» **PROBLEM TO SOLVE**: The listing, minus its pictures, is to be given again exactly.

» **DATA SECTION**:
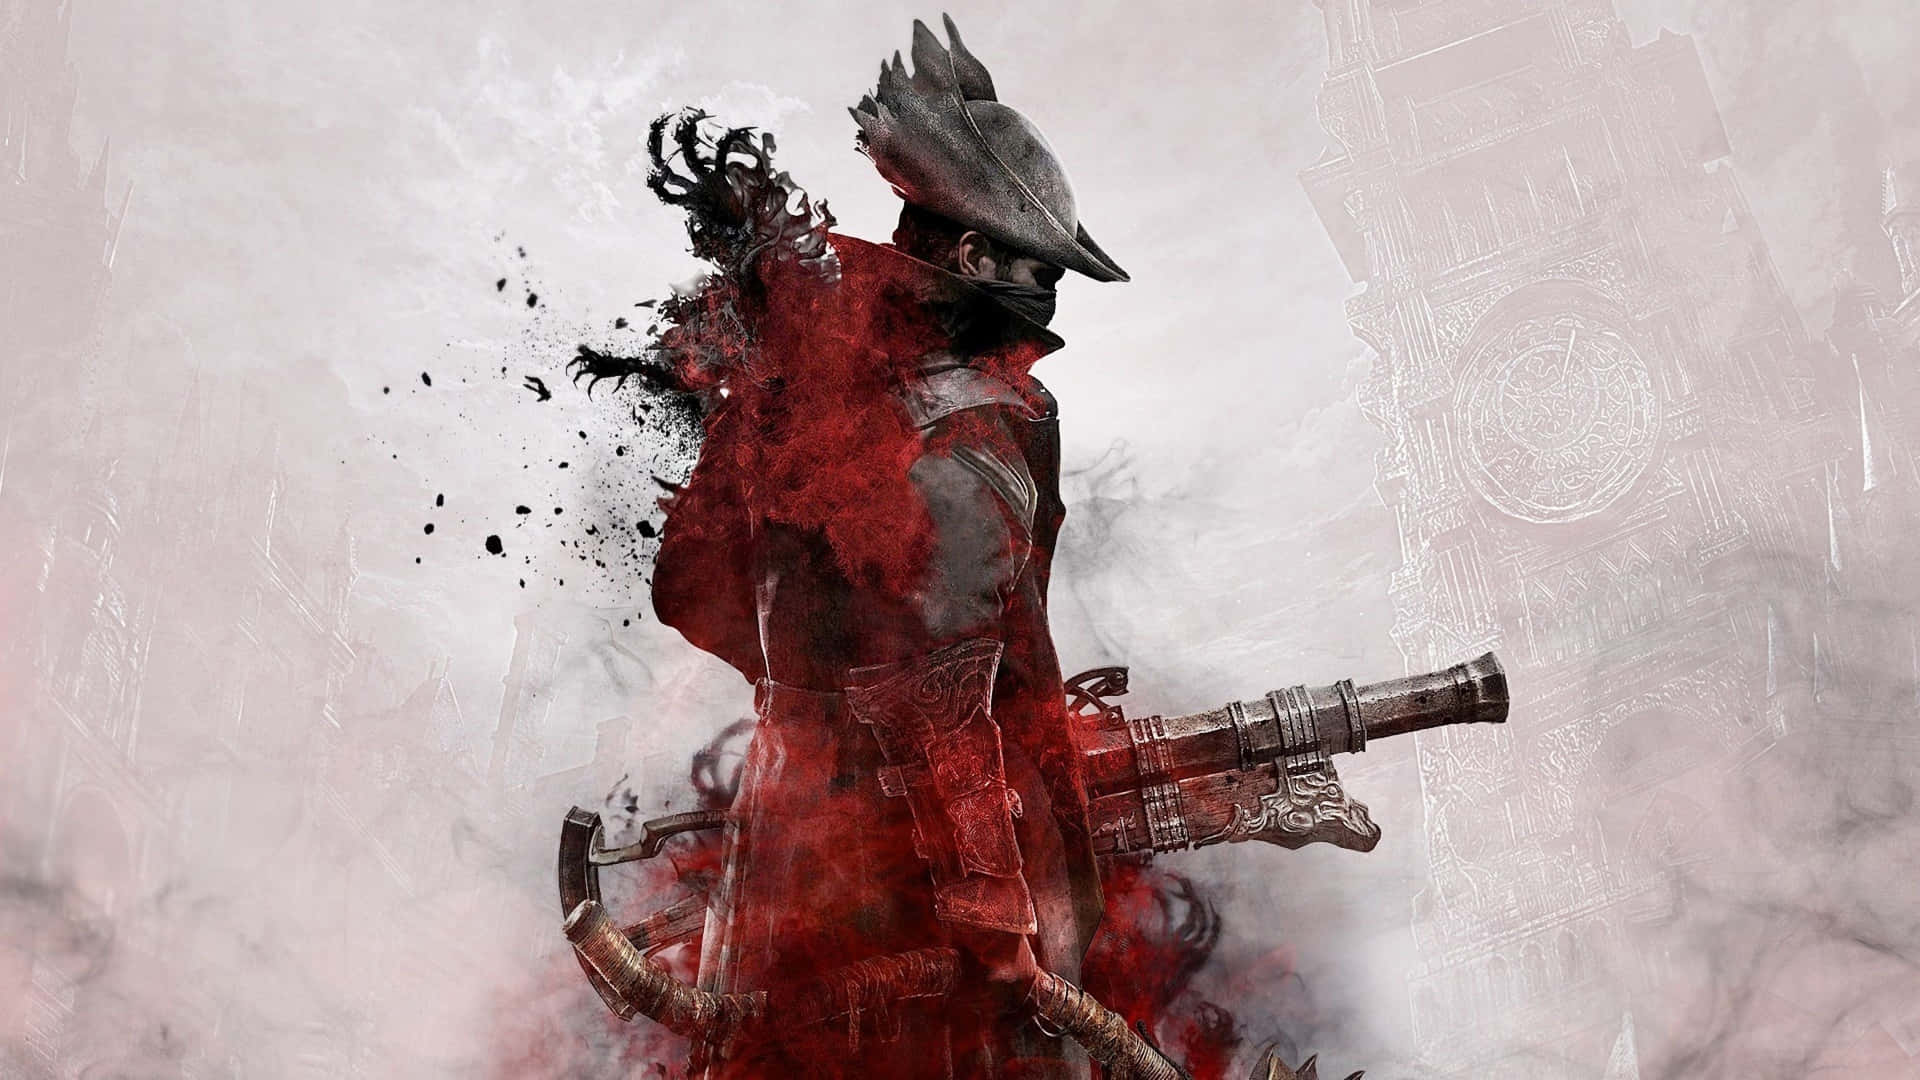 Bloodborne - PS4 on Vimeo
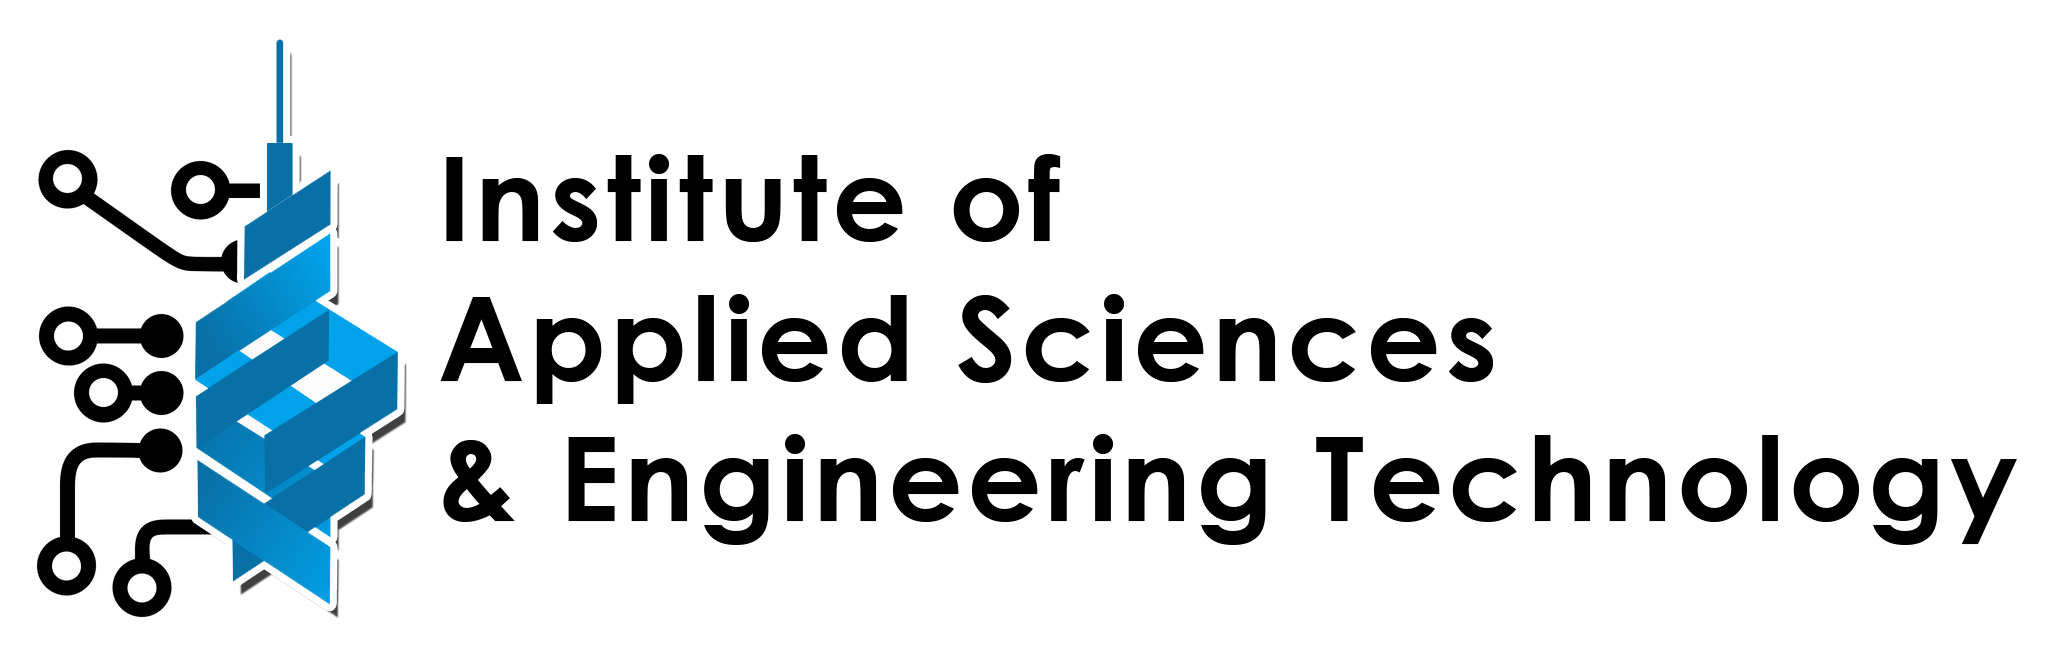 iaet logo
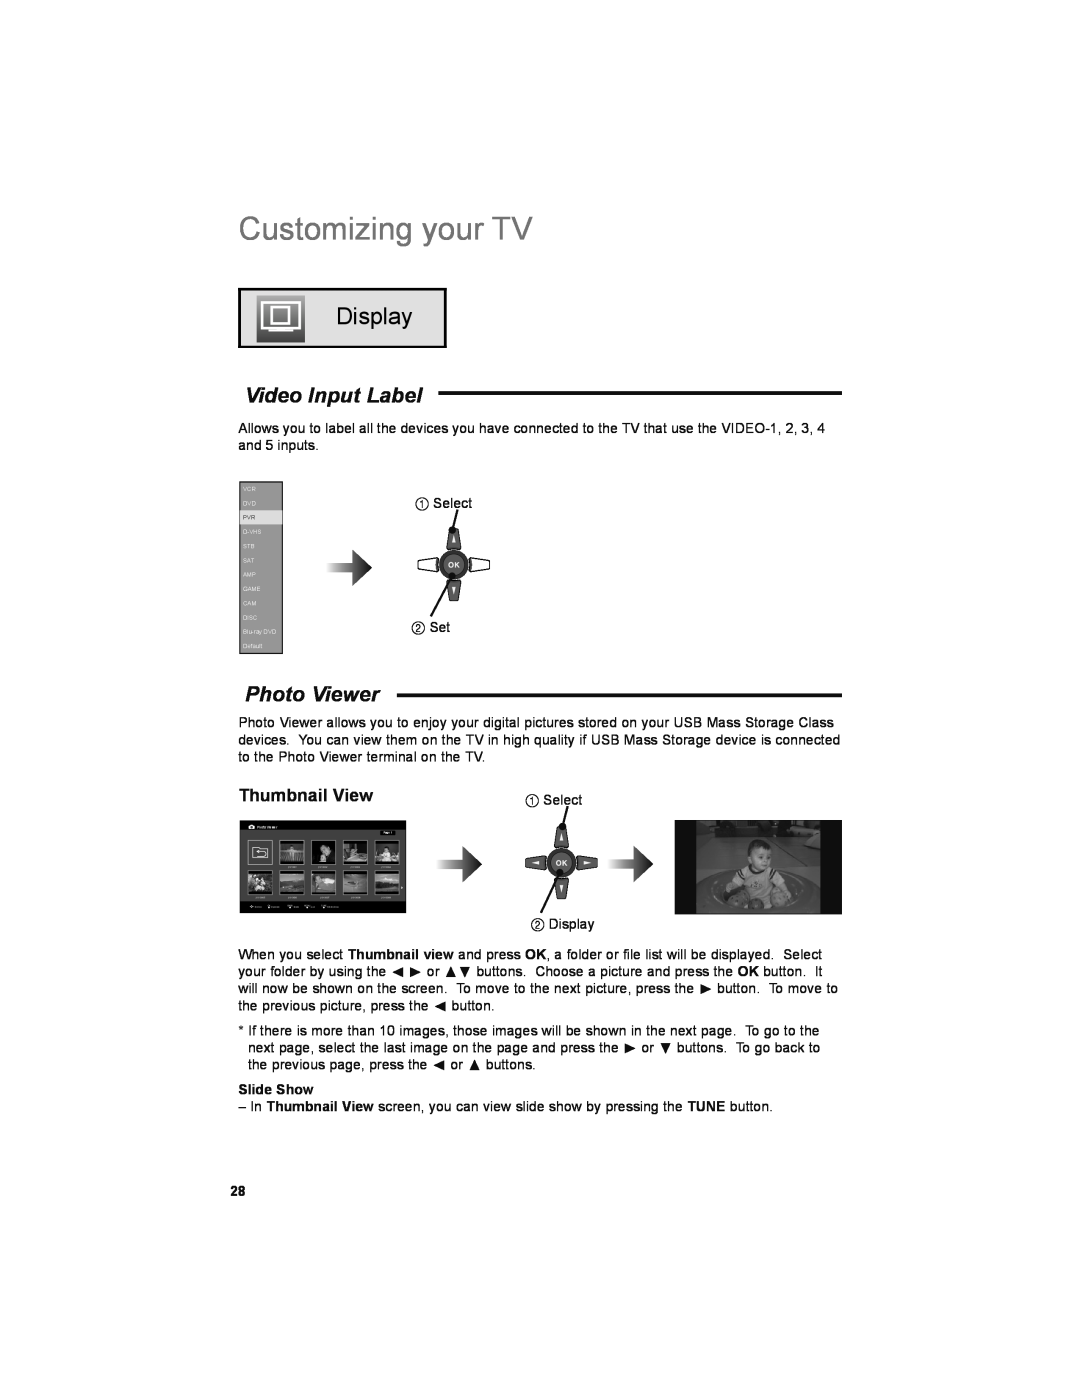 JVC LT-32JM30 manual Display, Video Input Label, Photo Viewer, Customizing your TV, Slide Show

» **SOLUTION TO THIS EXERCISE**:
 Bloodborne - PS4 on Vimeo
 iaet logo
 JVC LT-32JM30 manual Display, Video Input Label, Photo Viewer, Customizing your TV, Slide Show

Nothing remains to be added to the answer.